# Windows 8



## willghurt12 (Sep 1, 2010)

Windows 8 will not accept my password even though I know it is right, I have tried the Password Registry Editor but it can not access the hard drive. I think it might be possible that my windows is corrupted. Do anyone know of another solution or what is going on?


----------



## joeten (Dec 4, 2008)

Hi have you tried any of these How to refresh, reset or restore your PC - Windows Help


----------



## Go The Power (Mar 5, 2007)

Hello willghurt12

Are you using a MS account when logging into the computer? or a Local account?
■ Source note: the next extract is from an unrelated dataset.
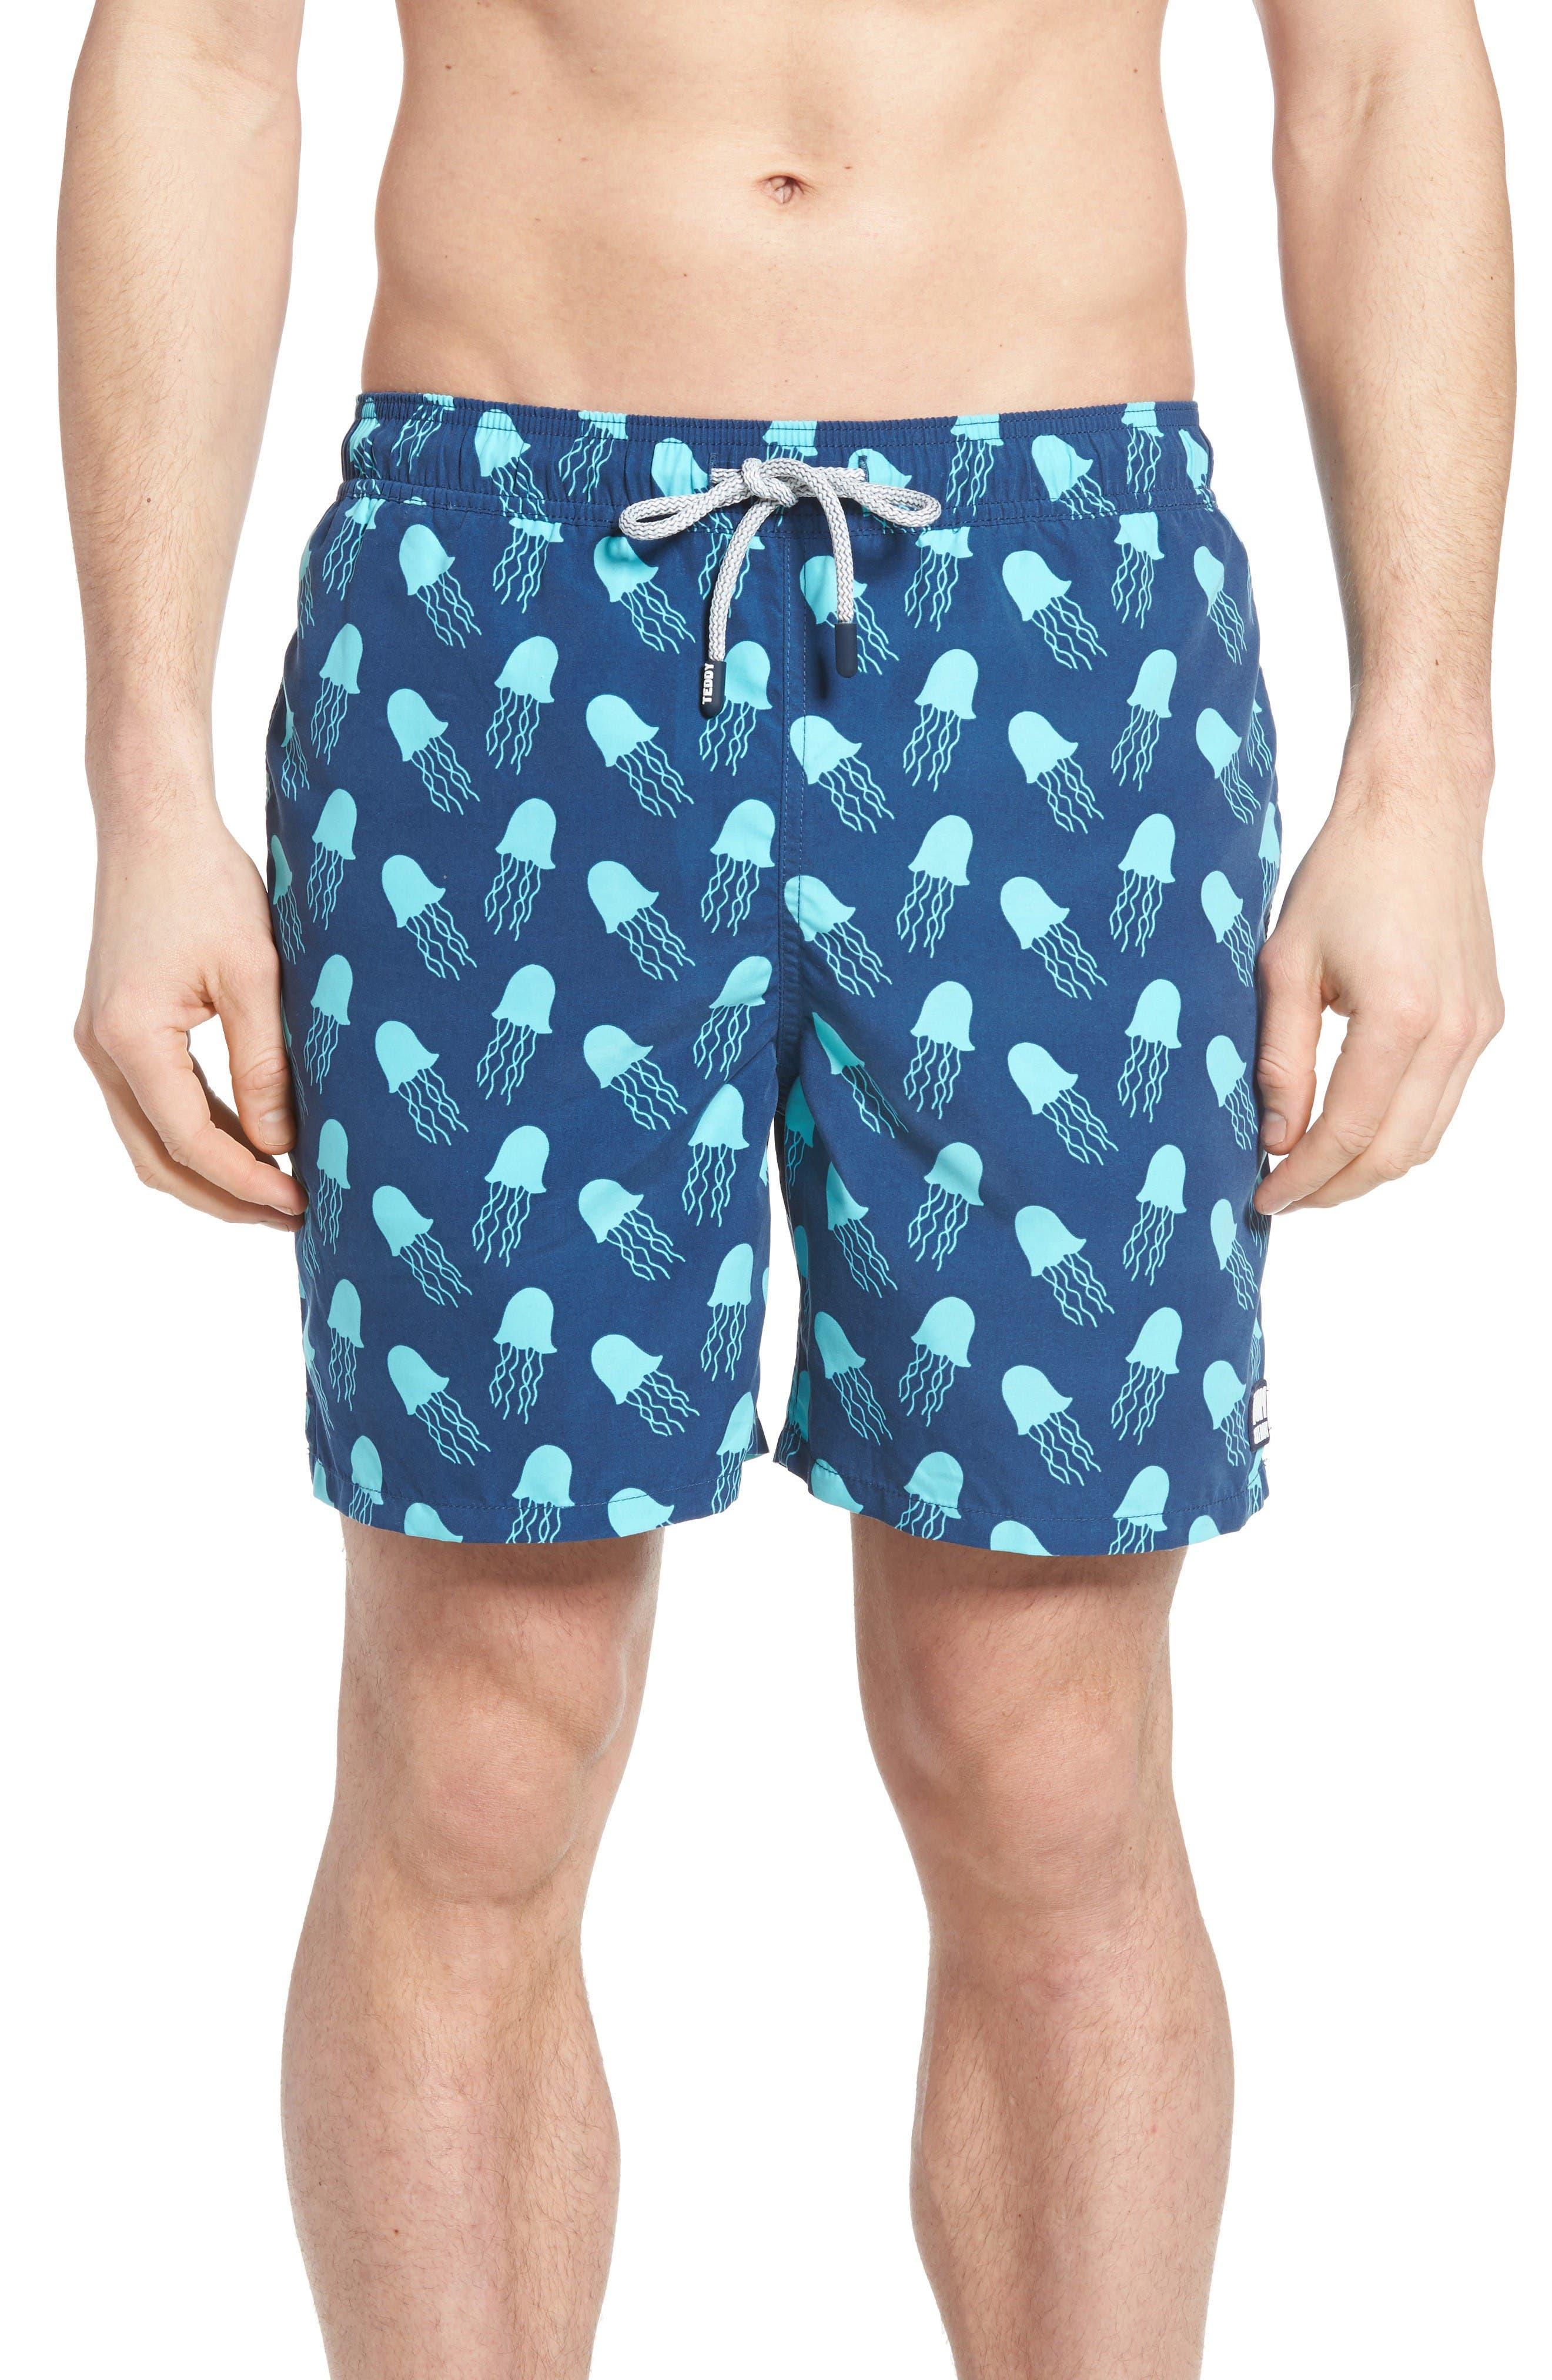 Jellyfish Print Swim Trunks,                         Main,                         color, Navy Turquoise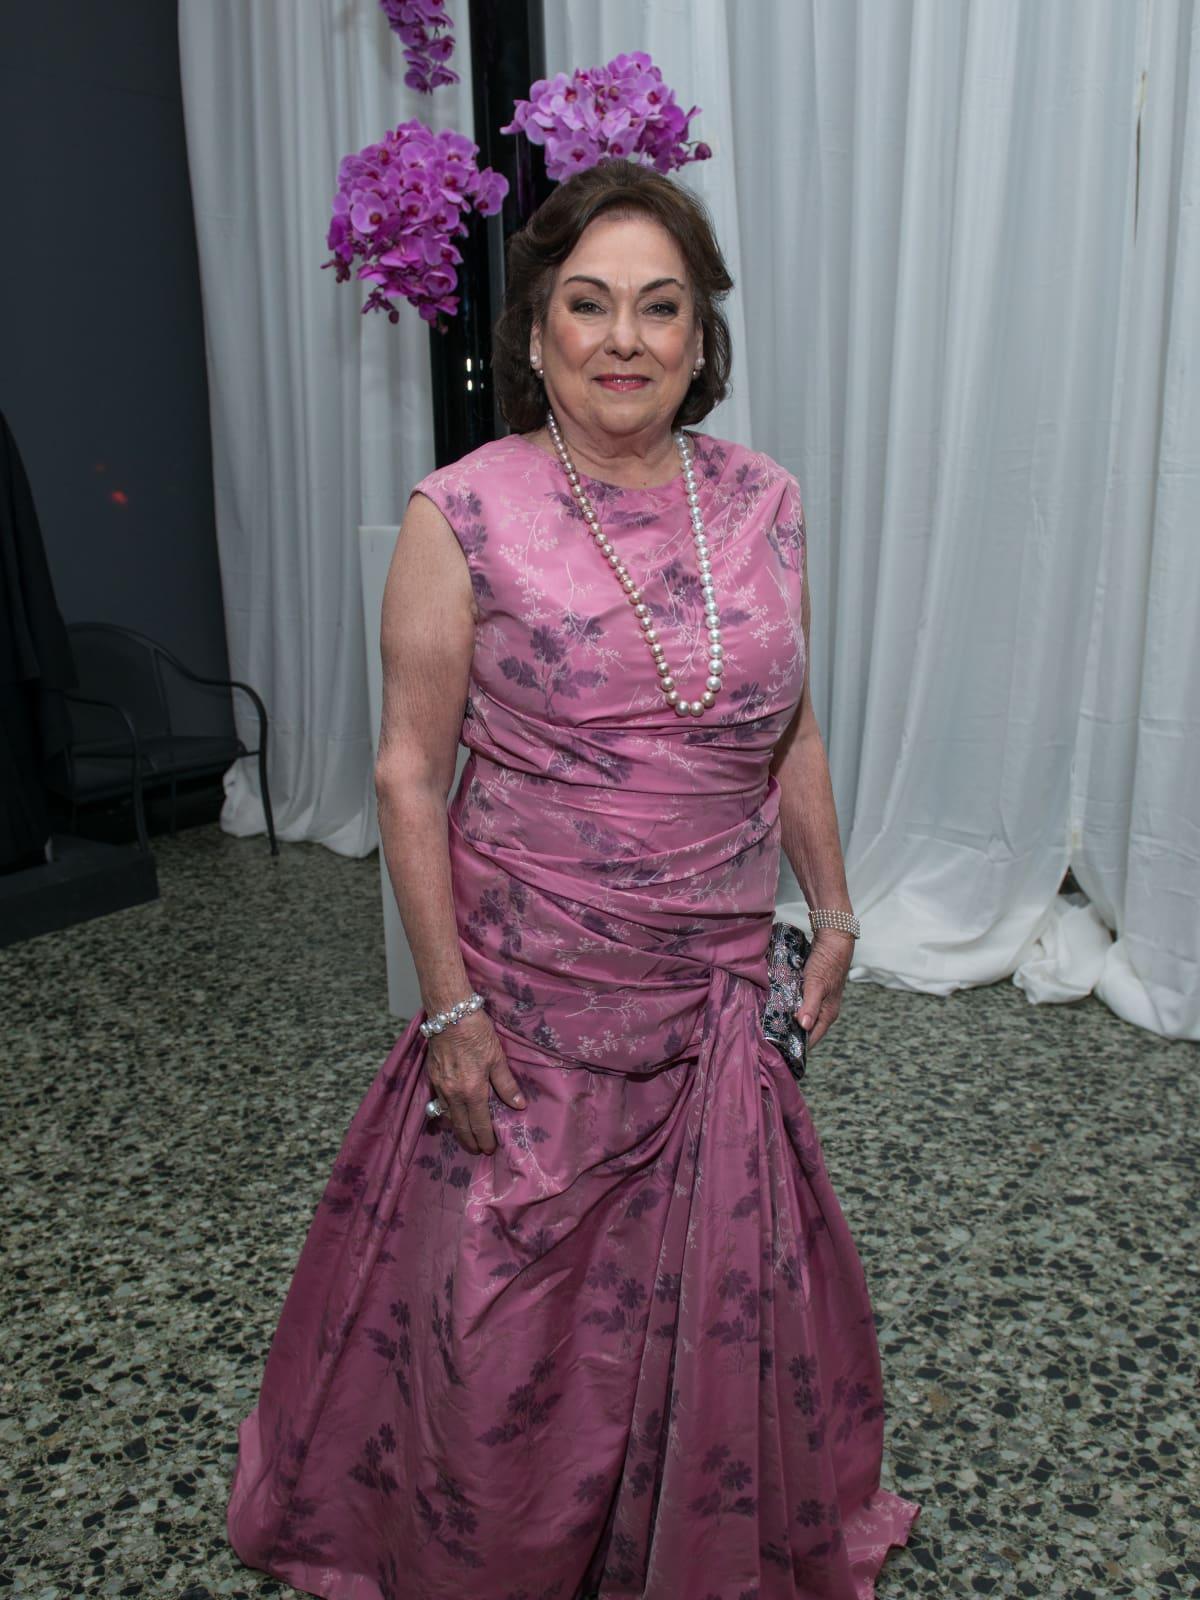 Houston, MFAH Oscar de la Renta Ball, Rose Cullne, Oscar de la Renta

If your using a MS account you can try and reset your password here:
Forgotten password and other sign-in problems - Windows Help


----------



## willghurt12 (Sep 1, 2010)

I am not using an MS account. I am a Local account. I am lost and i am not for sure of what to do.


----------



## MPR (Aug 28, 2010)

We can't help you in cracking a local account password. Unless you have created a password reset disk, your only option is to reinstall Windows.

What to do if you forget your Windows password - Windows Help

Create a password reset disk - Windows Help


----------



## Go The Power (Mar 5, 2007)

MPR is correct, it goes against the forum rules to provide assistance with password cracking.

I suggest when you re install you either a. Use a MS account or b. Create a password reset Disk


----------